Item 4. | PURPOSE OF TRANSACTION |
Item 4 of the Schedule 13D is hereby amended and supplemented as follows:
On June 22, 2020, WESCO International, Inc., a Delaware corporation (“WESCO”),
completed its previously announced acquisition of the Issuer. Pursuant to the terms of the Agreement and Plan of Merger, dated as of January 10, 2020 (the “Merger Agreement”), by and among the Issuer, WESCO and Warrior Merger Sub, Inc., a Delaware
corporation and a wholly owned subsidiary of WESCO (“Merger Sub”), Merger Sub was merged with and into the Issuer (the “Merger”), with the Issuer surviving the Merger and continuing as a wholly owned subsidiary of WESCO.
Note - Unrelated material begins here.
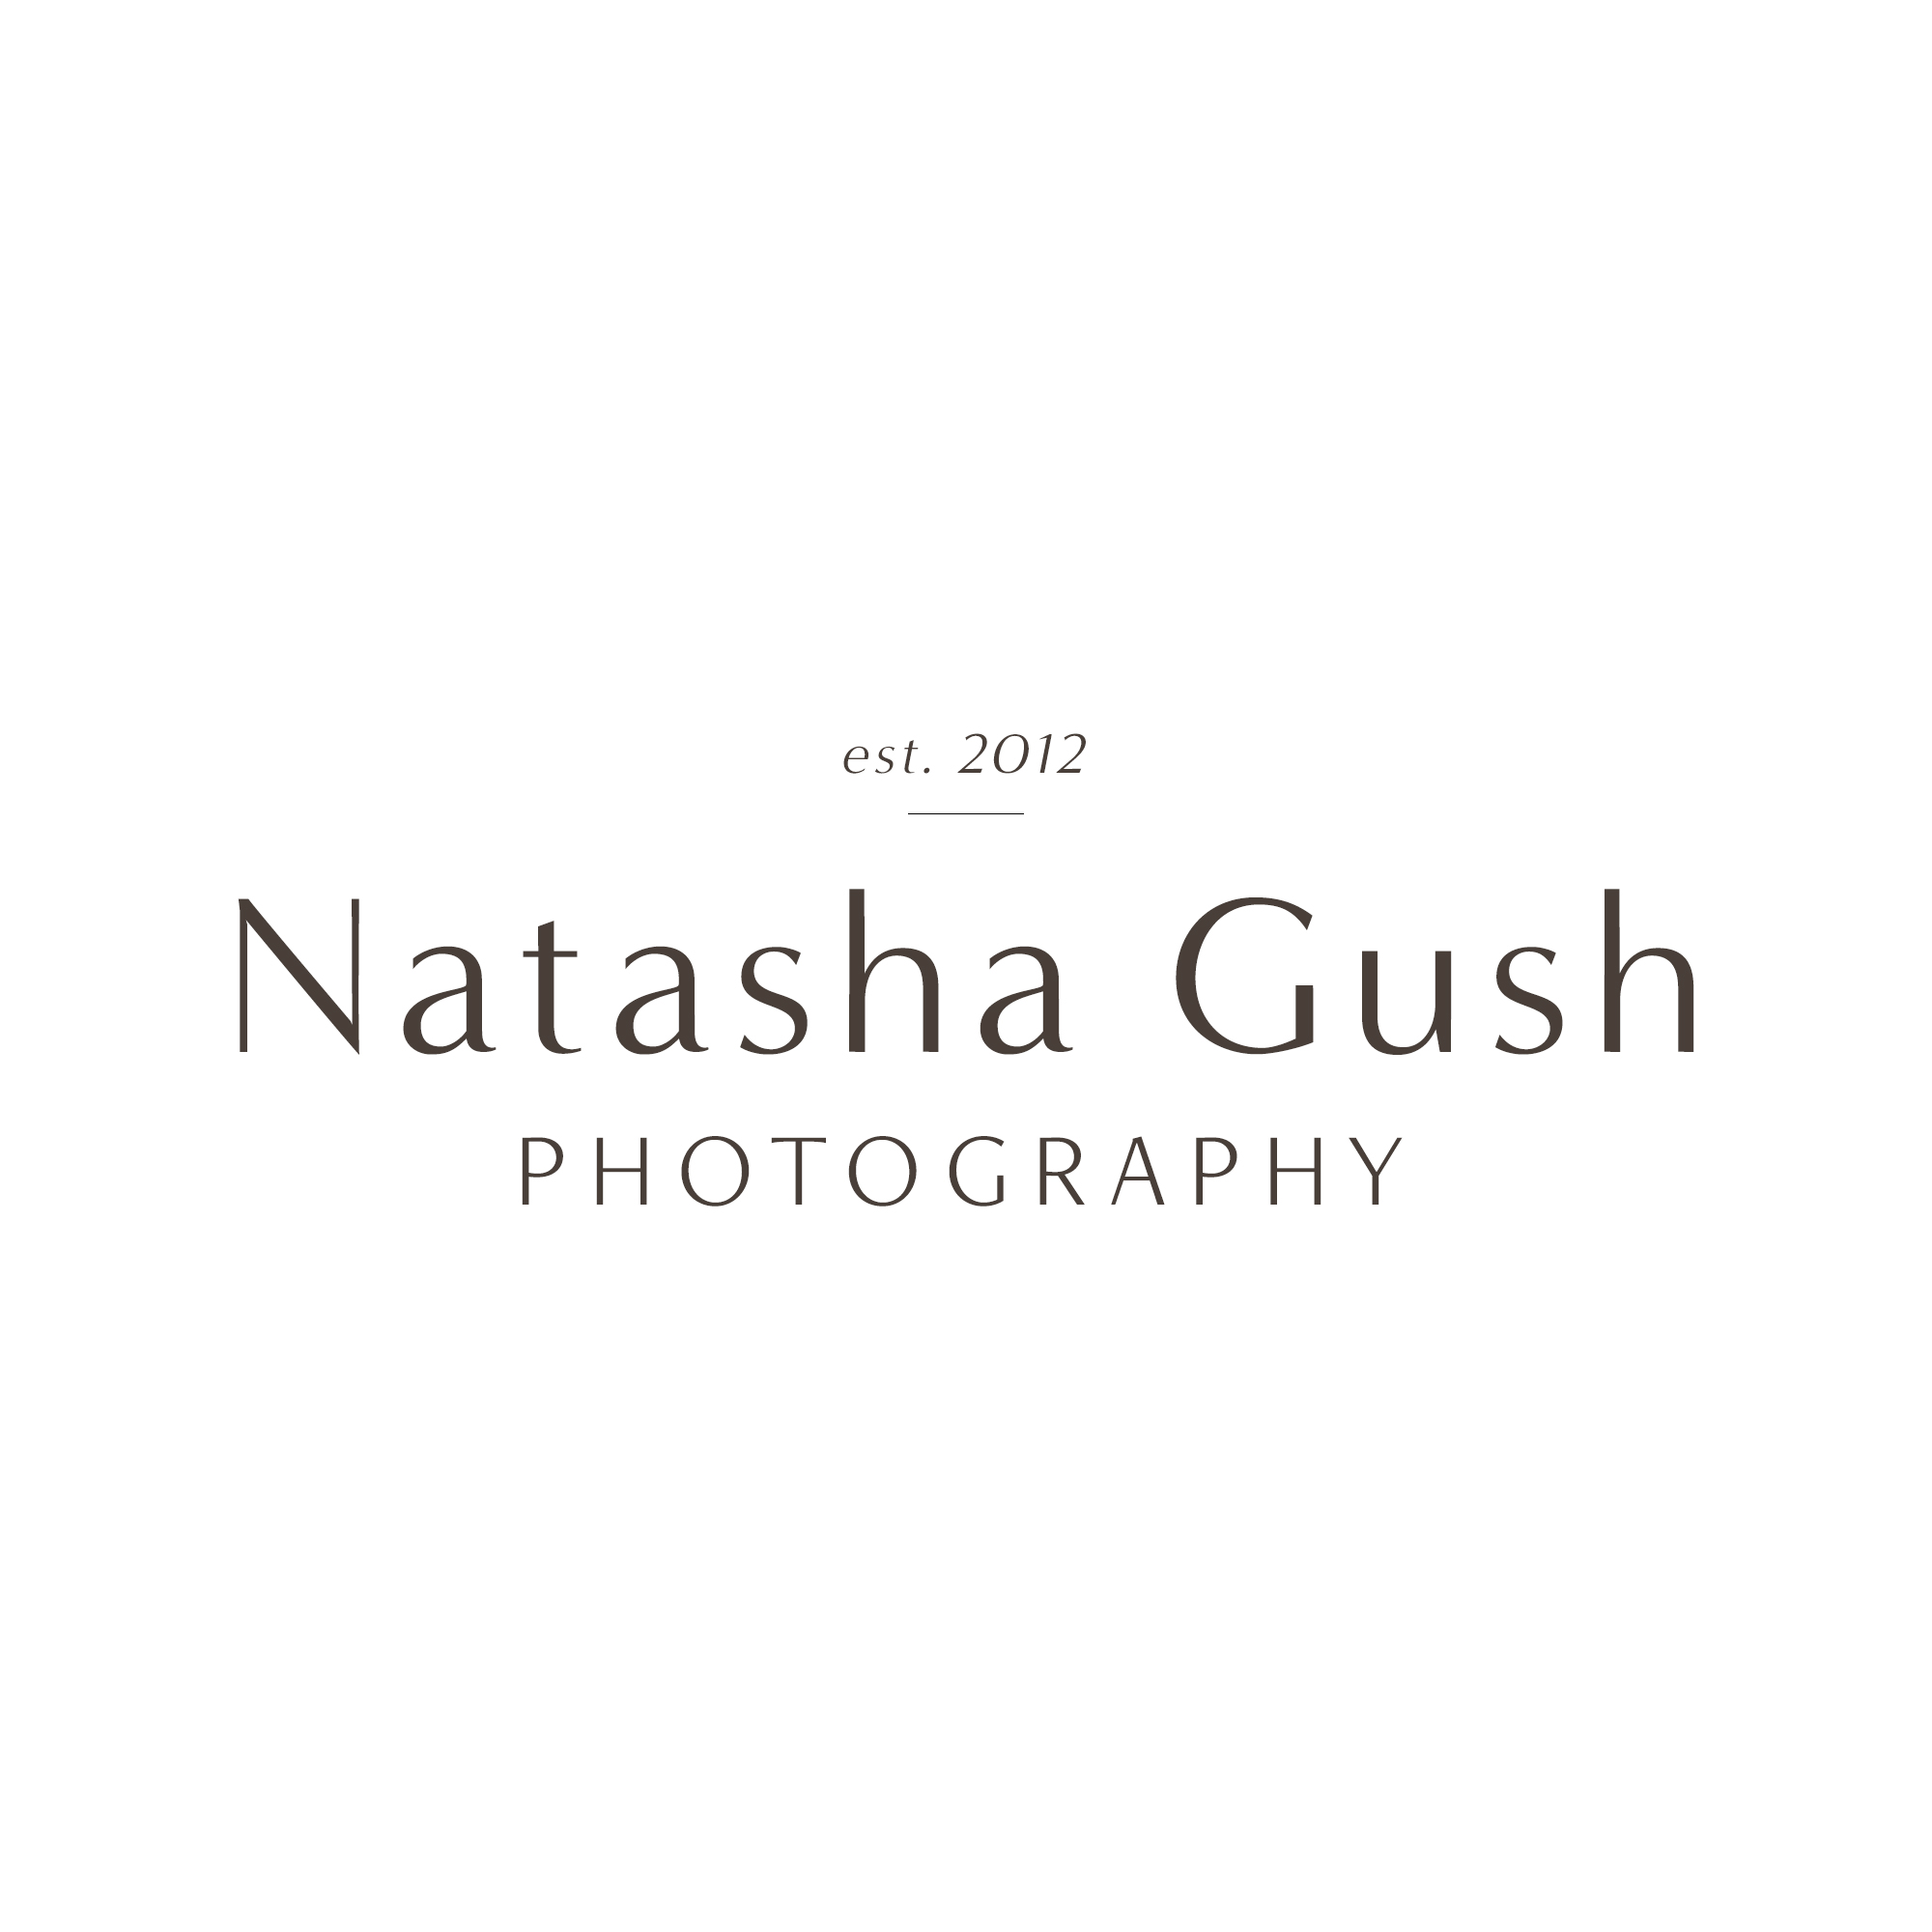 Natasha Gush Photography's logo
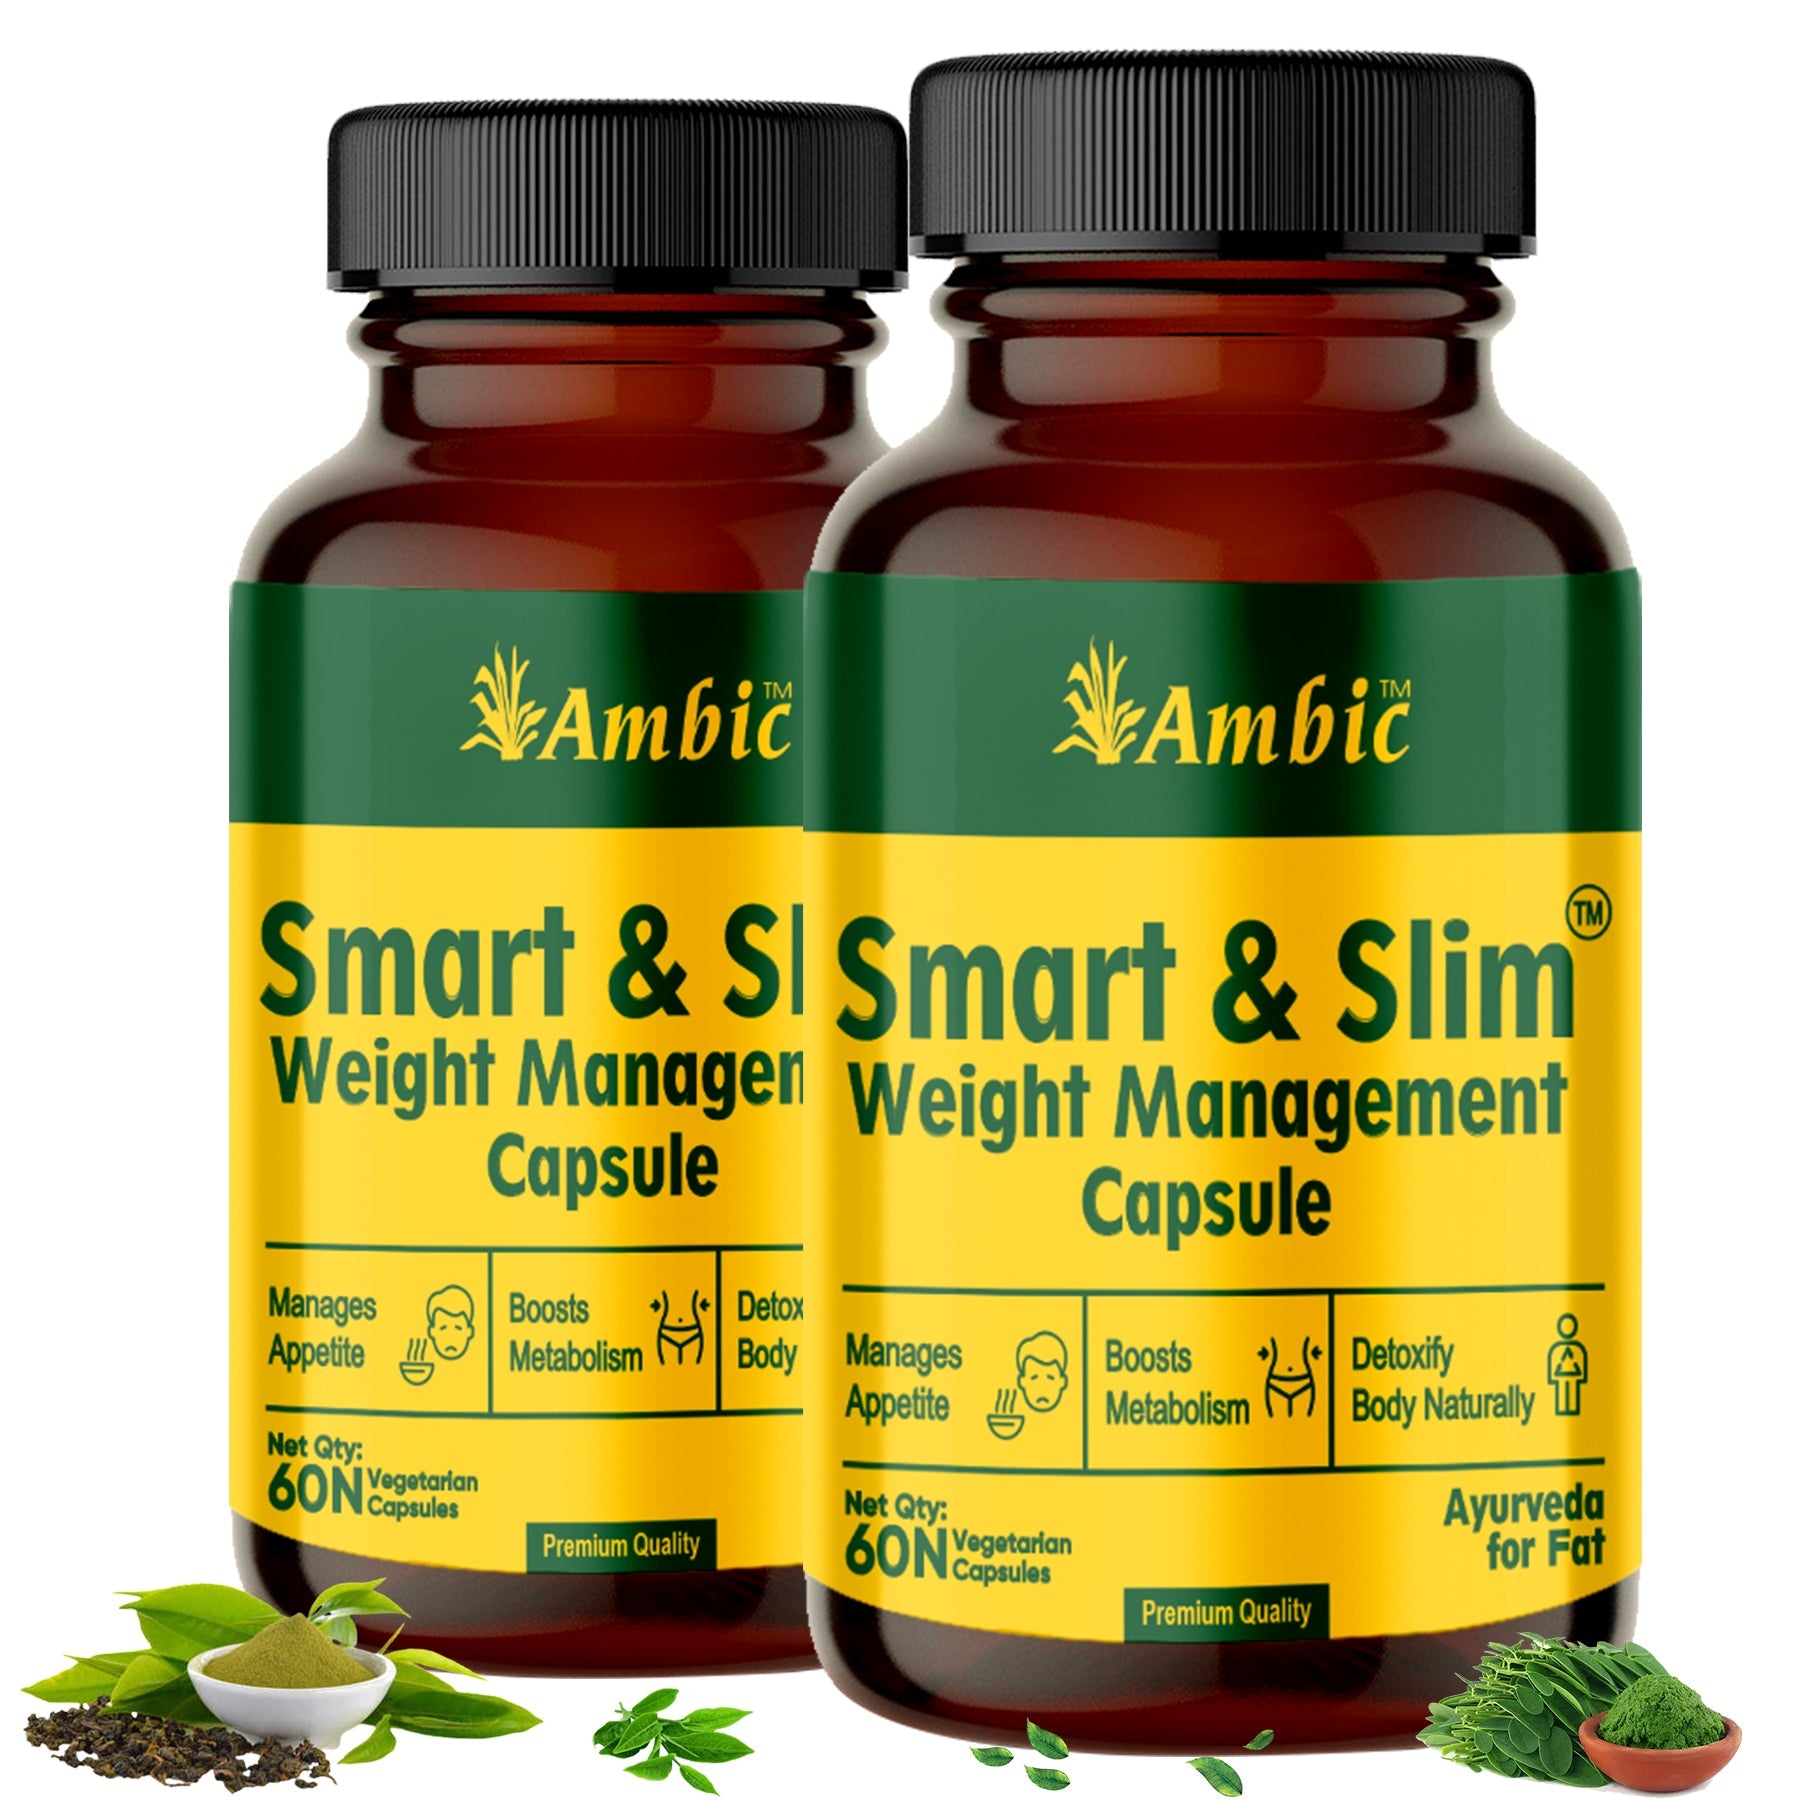 AMBIC SMART & SLIM Weight Loss Capsule

At the effective time of the Merger (the “Effective Time”), each outstanding share
of Common Stock (subject to limited exceptions, including shares with respect to which dissenters’ rights have been validly exercised in accordance with Delaware law) was converted into the right to receive: (i) $72.82 in cash, without interest,
after giving effect to certain adjustments set forth in the Merger Agreement (the “Cash Consideration”); (ii) 0.2397 shares of common stock of WESCO (the “Common Stock Consideration”), par value $0.01 per share; and (iii) 0.6356 depositary shares
(the “Preferred Stock Consideration”), each representing a 1/1,000th interest in a share of newly issued fixed-rate reset cumulative perpetual preferred stock of WESCO, Series A, with a $25,000 stated amount per whole preferred share and an initial
dividend rate equal to 10.625% (the Preferred Stock Consideration, the Cash Consideration and the Common Stock Consideration, collectively, the “Merger Consideration”). Pursuant to the Merger Agreement, immediately prior to the Effective Time, each
outstanding restricted Common Stock unit award granted prior to January 10, 2020, became fully vested (in the case of any performance-based restricted Common Stock unit award, with the level of achievement of performance-based vesting criteria
measured in accordance with the terms of the applicable award agreement) and was cancelled in exchange for the right to receive, in consideration of and in full settlement thereof, in respect of each share of Common Stock underlying such award, a
cash payment (without interest) equal to the value of the Merger Consideration. Each outstanding restricted Common Stock unit granted on or after January 10, 2020 was converted into a cash-settled WESCO phantom stock unit.
As a result of the consummation of the Merger, WESCO became the beneficial owner of
all shares of the Issuer’s Common Stock. Accordingly, the Reporting Persons no longer beneficially own any shares of Common Stock.
SCHEDULE 13D | | |
CUSIP No. 035290105 | | Page 19 of 21 Pages |
Item 5. | INTEREST IN SECURITIES OF THE ISSUER |
Item 5(a – c) and (e) of the Schedule 13D is hereby amended and supplemented as
follows:
(a - b) As of June 22, 2020, following the completion of the Merger, each of the Reporting Persons may be
deemed the beneficial owner of 0 shares of Common Stock, representing 0.0% of the total number of shares of Common Stock outstanding.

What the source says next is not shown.